The following is from Turi's Category Theory Lecture Notes.
Definition 11.11 Let $A$ be an object of a category $\mathbb{C}$ with binary products. The right adjoint of $\_\times A:\mathbb{C}\to\mathbb{C}$, if it exists, is denoted by $$(\_ )^A:\mathbb{C}\to\mathbb{C}$$ and is called the exponential functor[.]
[. . .]
One way to denote exponentials $X^A$ is as $A\Rightarrow X$. This stems from a logical reading of the adjunction.
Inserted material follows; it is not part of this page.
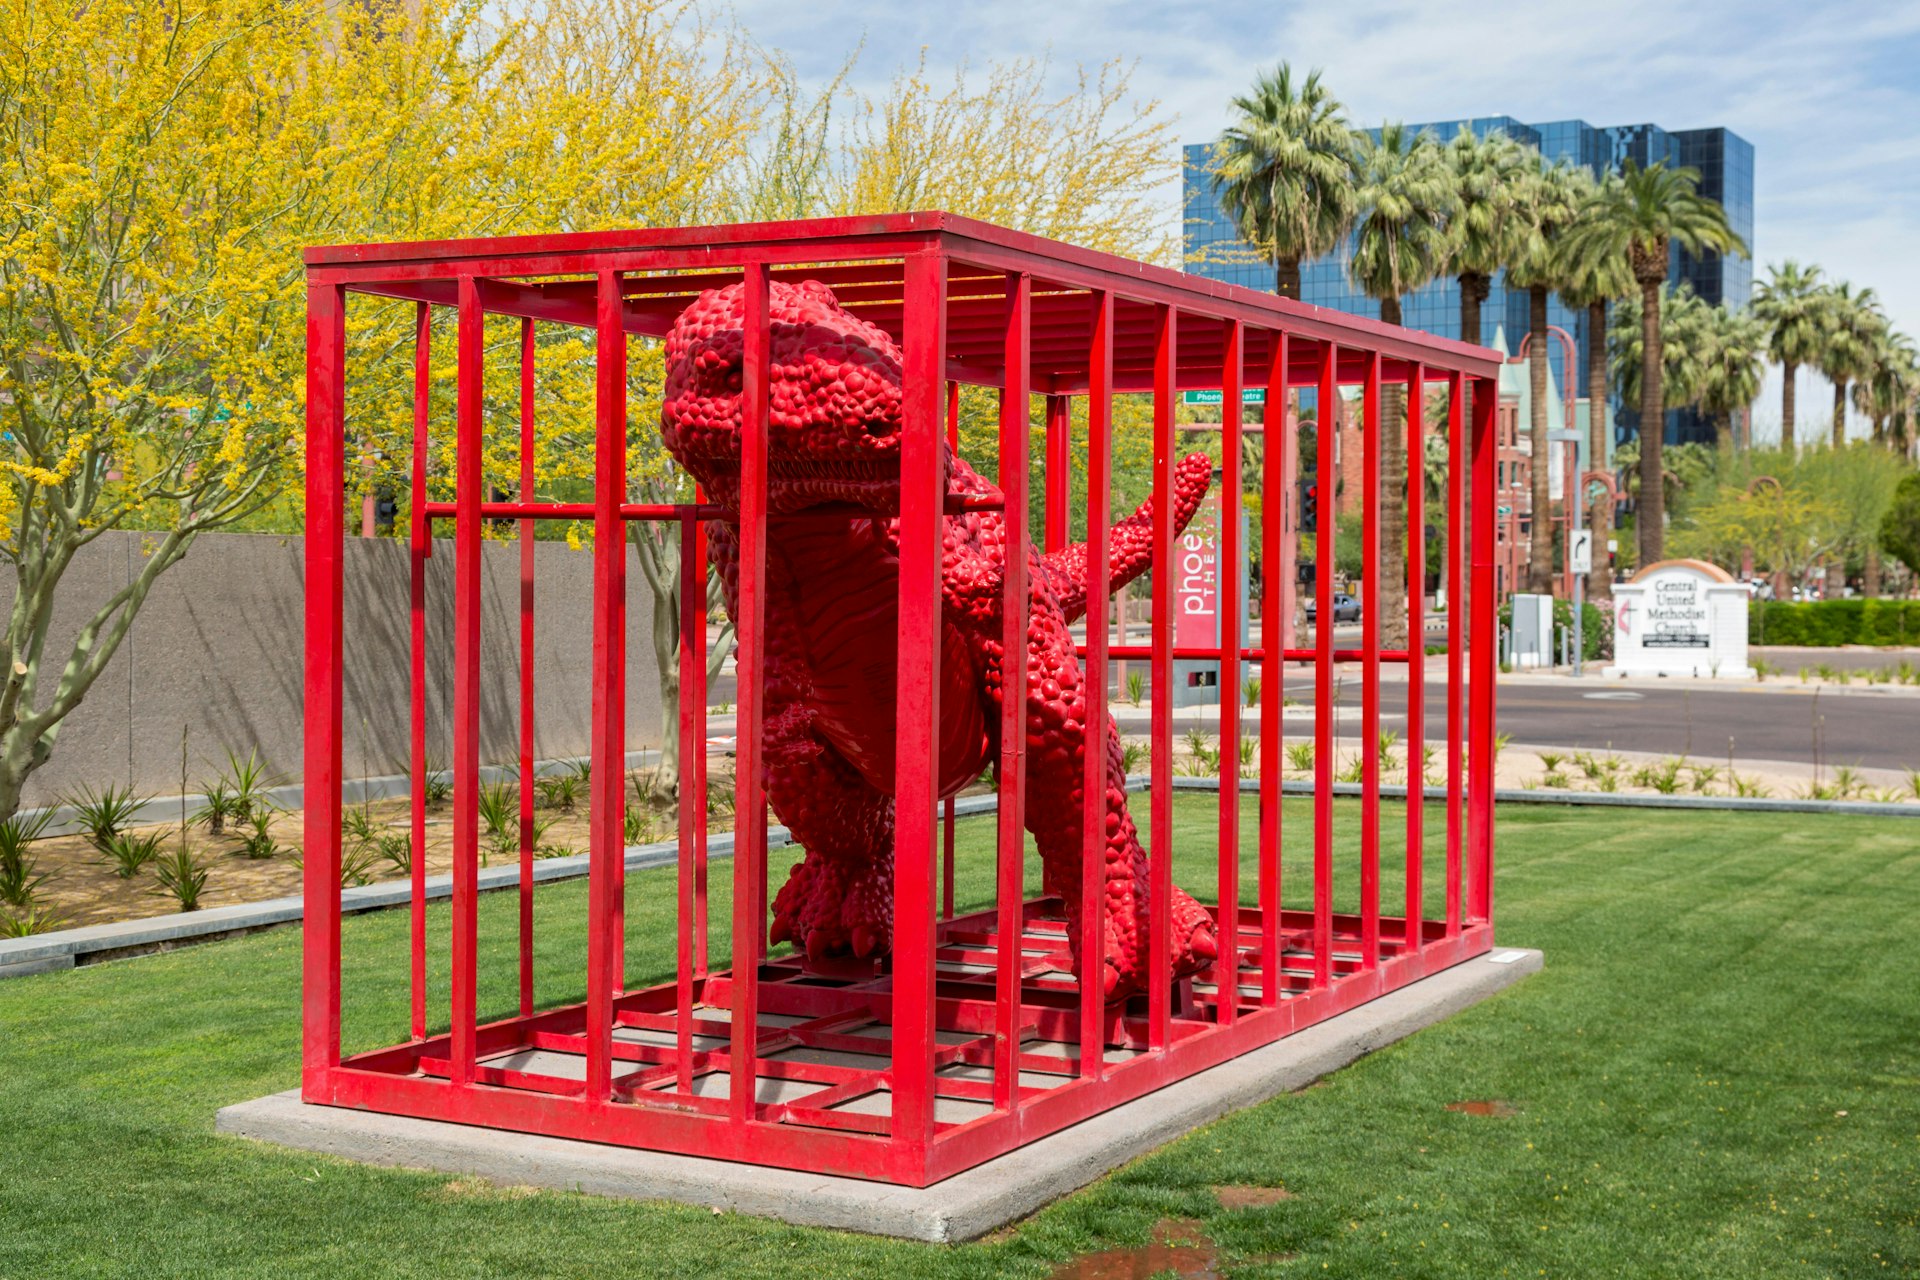 Phoenix, Arizona - A red dinosaur in a red cage at the Phoenix Art Museum.

Indeed, in a preorder $P$ with meets $\wedge$, if we interpret $\le$ as logical entailment $\vdash\,\,\,$ [. . .] and $\wedge$ as conjunction, then the above adjunction is nothing but the well-known deduction theorem: $$\frac{a\wedge b\vdash c}{a\vdash (b\Rightarrow c)}.$$
I would Love to find out more about this and similar phenomena. However, what with a plethora of Logic articles and the like on the Deduction Theorem, I'm not having much luck searching for more information. Help me out, please :)
I have a few pdfs on Categorical Logic I've run some searches through but - besides some cool stuff about the "state monad induced by the adjunction $(\cdot )\times S\dashv (\cdot )^S:\text{Set}\to\text{Set}$" - I got nothing that resembles the above.